• **What this task involves**:
Print only what runs from the line that includes "Aluminum French Factory" to the end of the listing, word for word, and do not include any pictures.

• **Information supplied**:
[Start of Attachment]

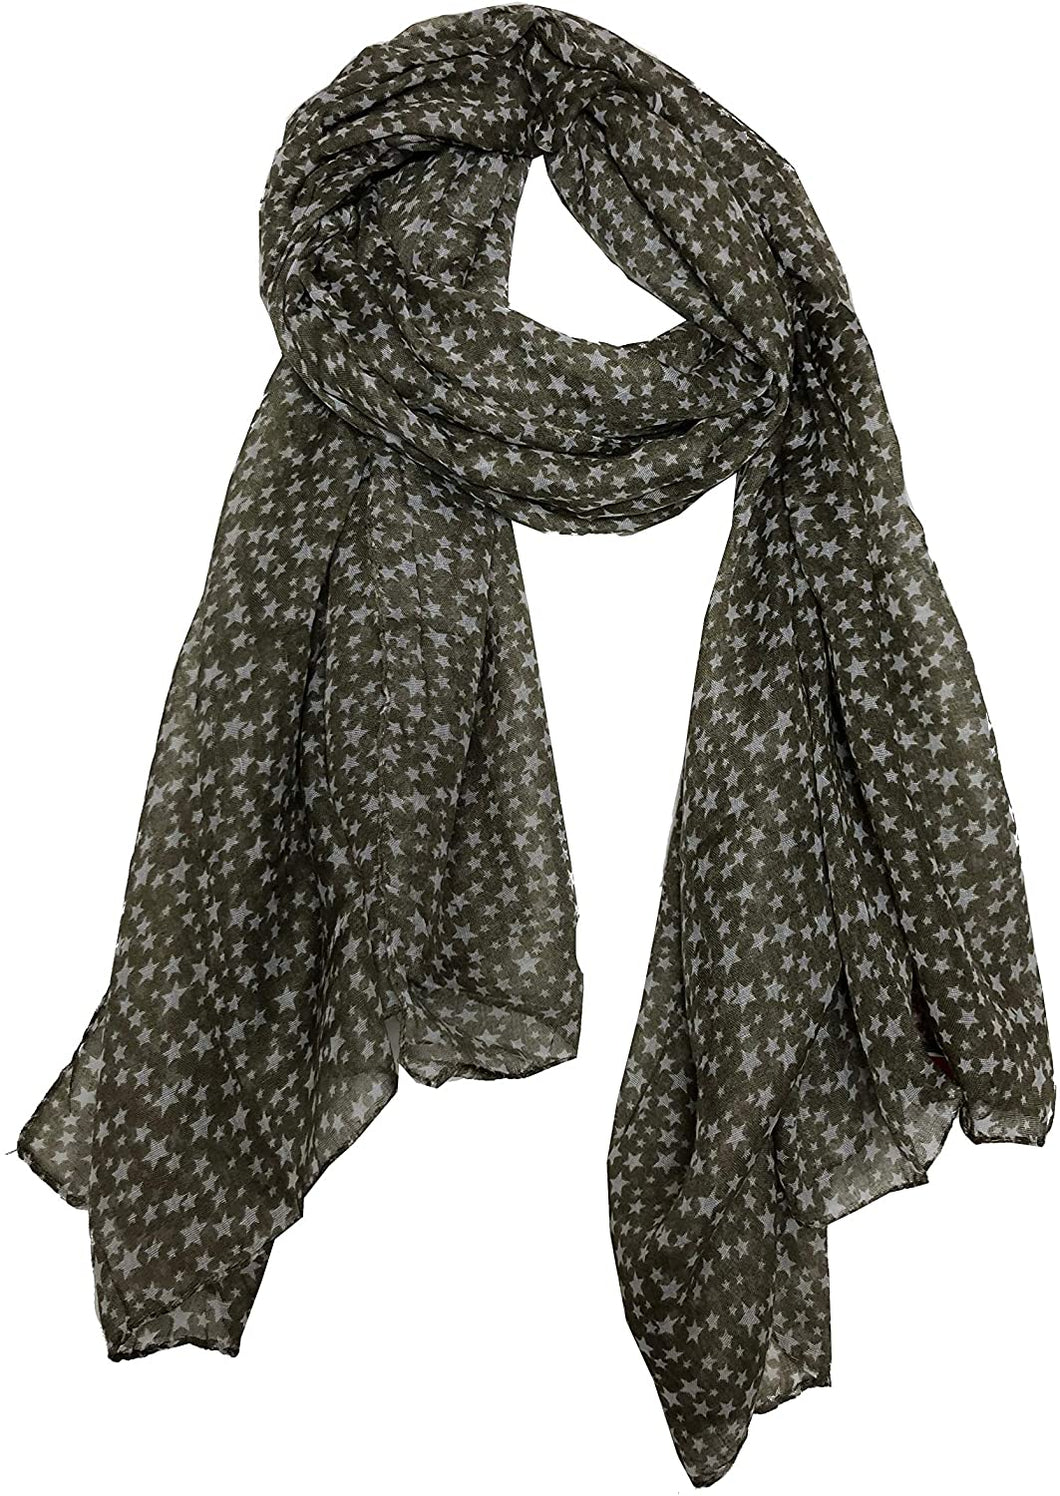 Dark brown with white small star design long scarf
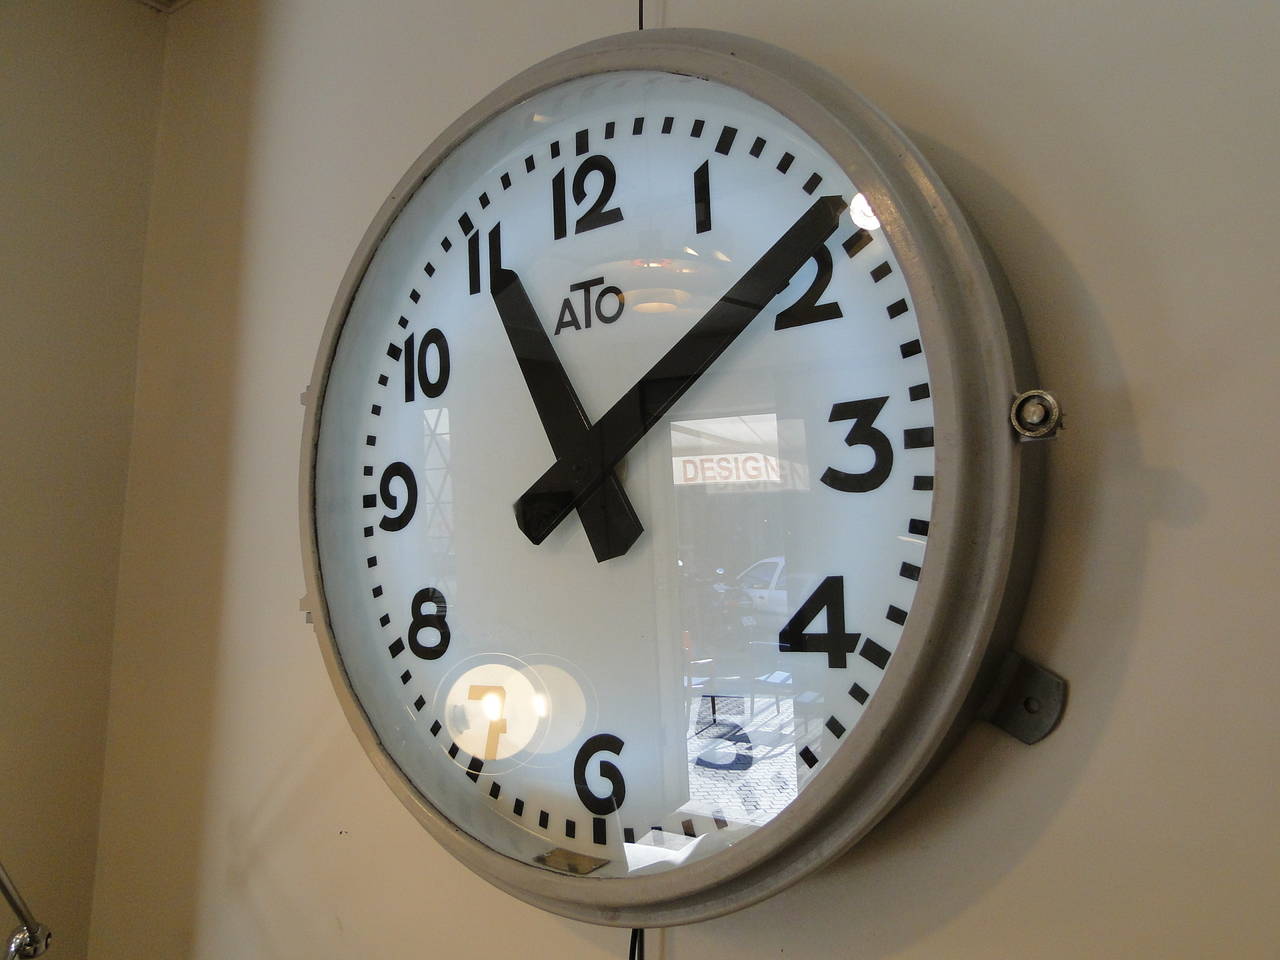 Aluminum French Factory Ato Station Railway Clock, Industrial
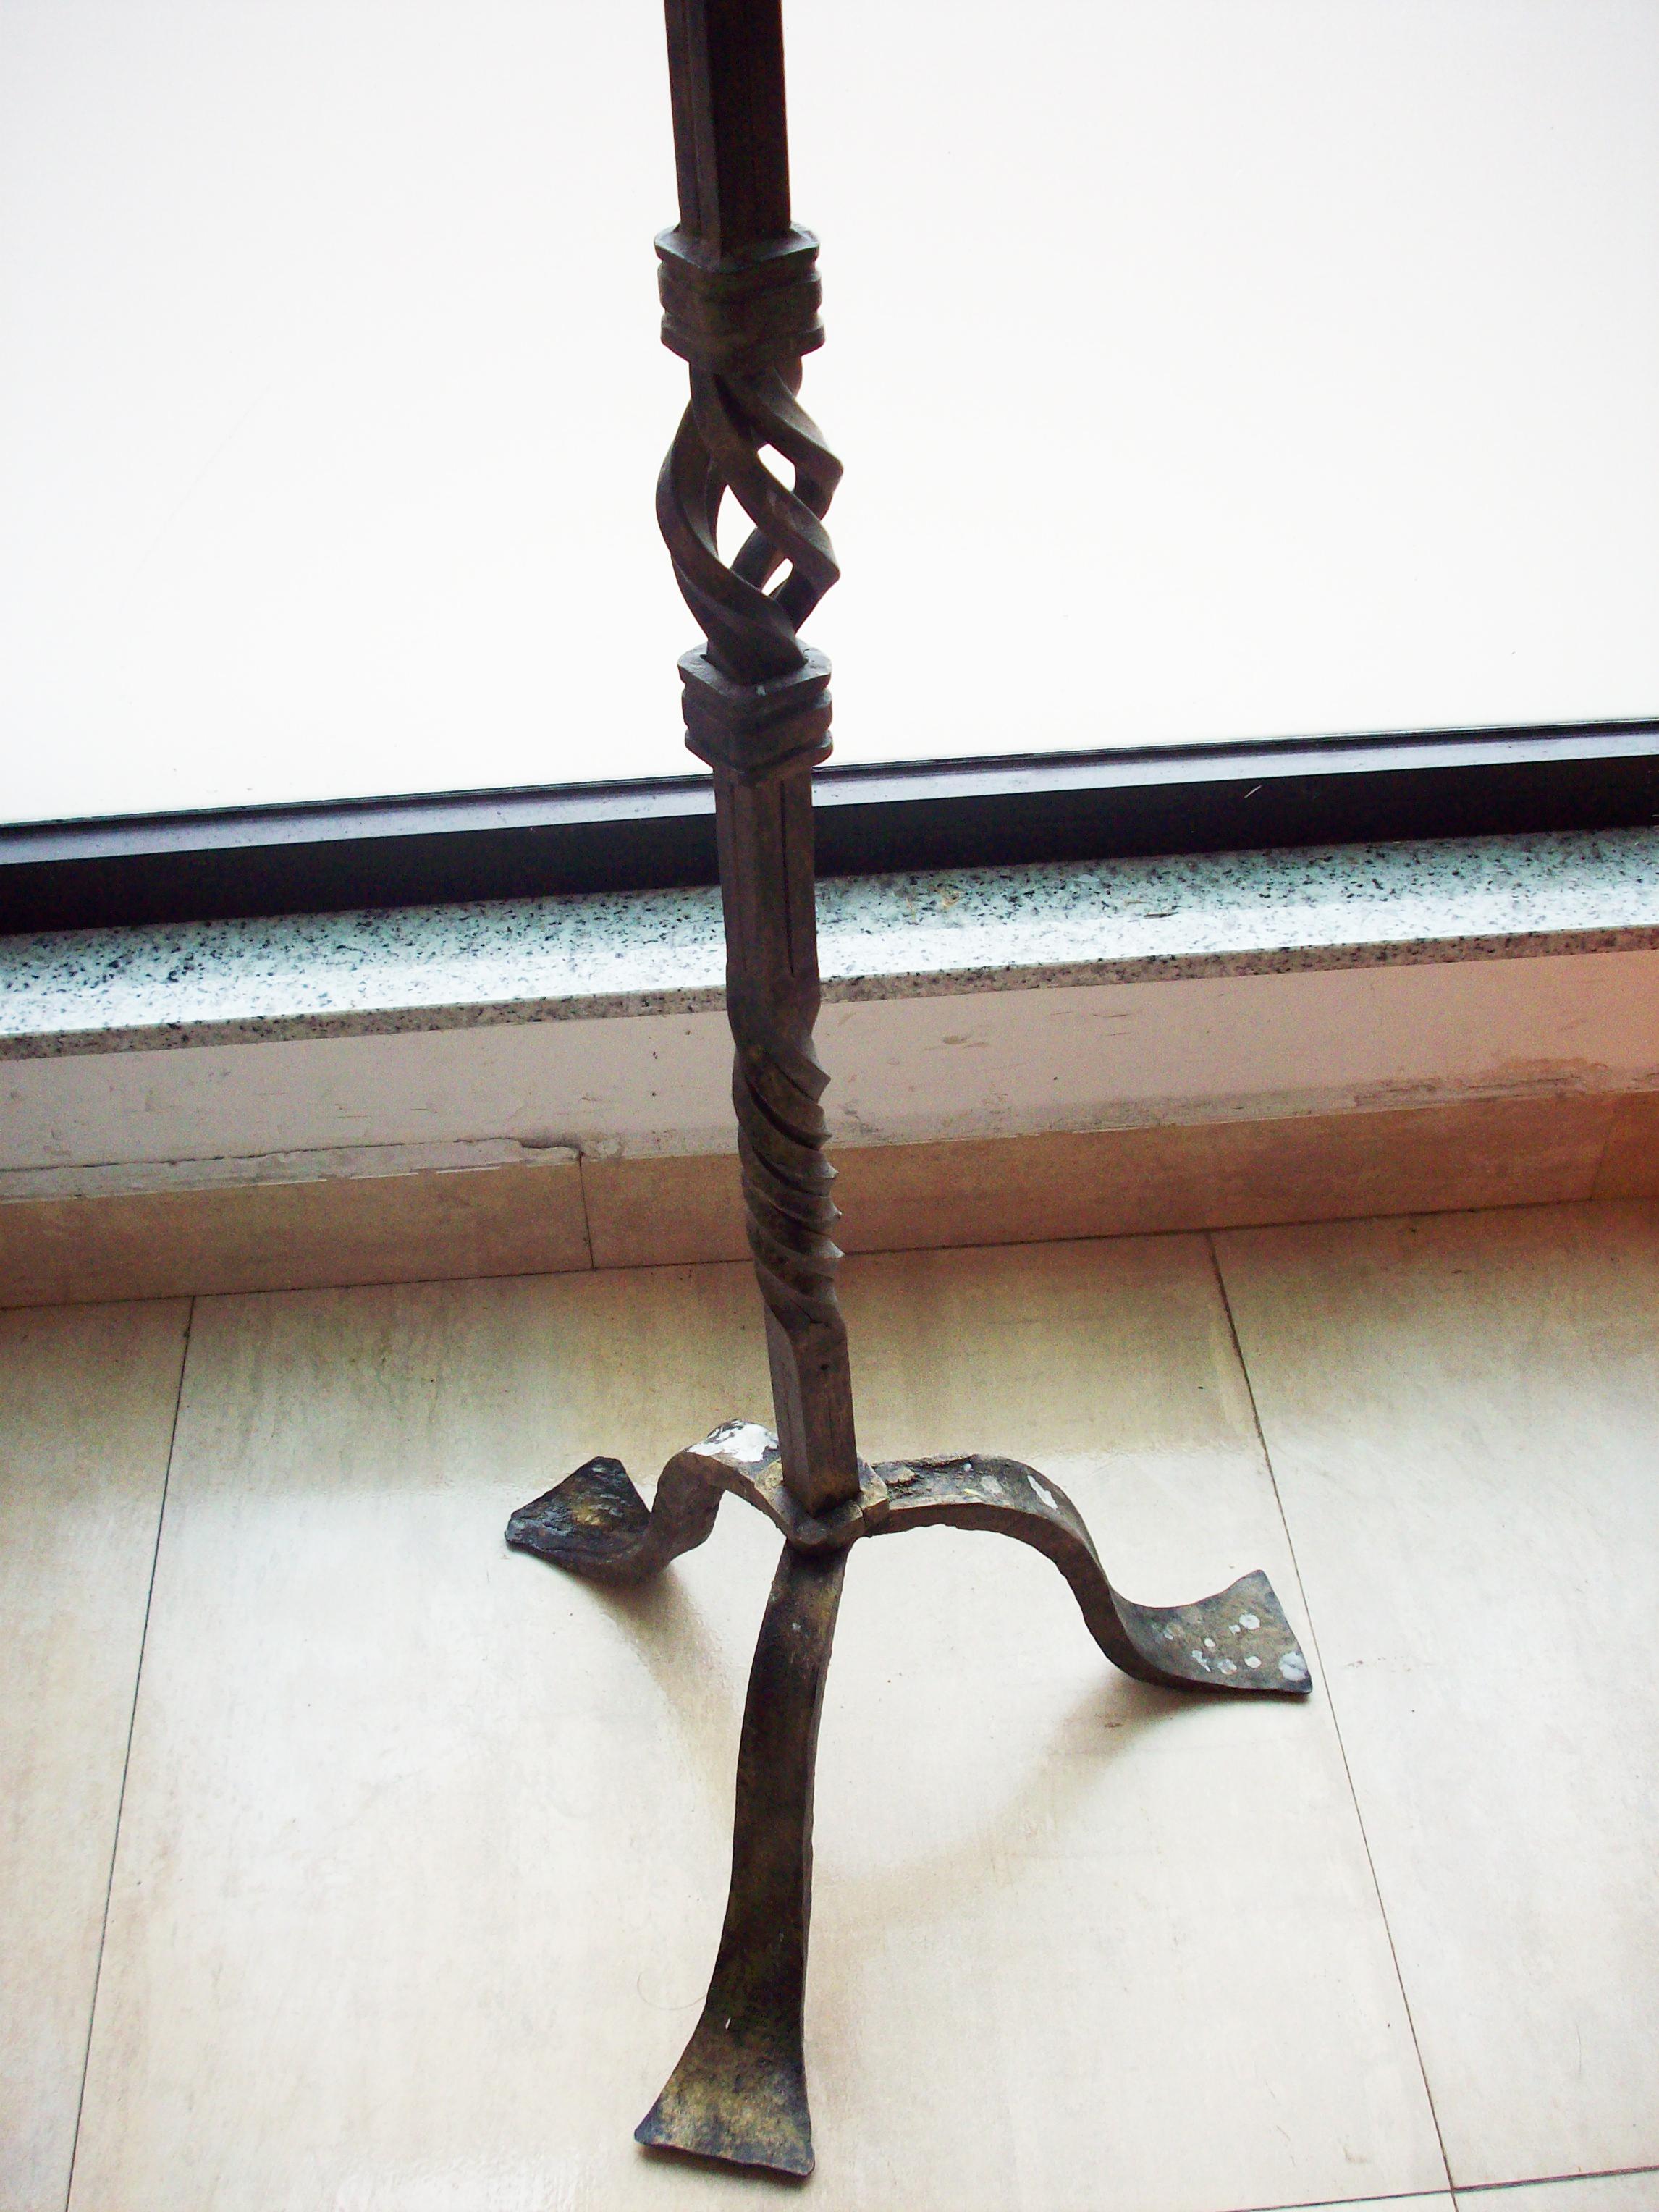 Floor Candle Stands with 9 Candles, Wrought Iron, Spainish Medieval Style In Excellent Condition For Sale In Mombuey, Zamora

[End of Attachment]

• **Answer for this exercise**:
 Aluminum French Factory Ato Station Railway Clock, Industrial
 Floor Candle Stands with 9 Candles, Wrought Iron, Spainish Medieval Style In Excellent Condition For Sale In Mombuey, Zamora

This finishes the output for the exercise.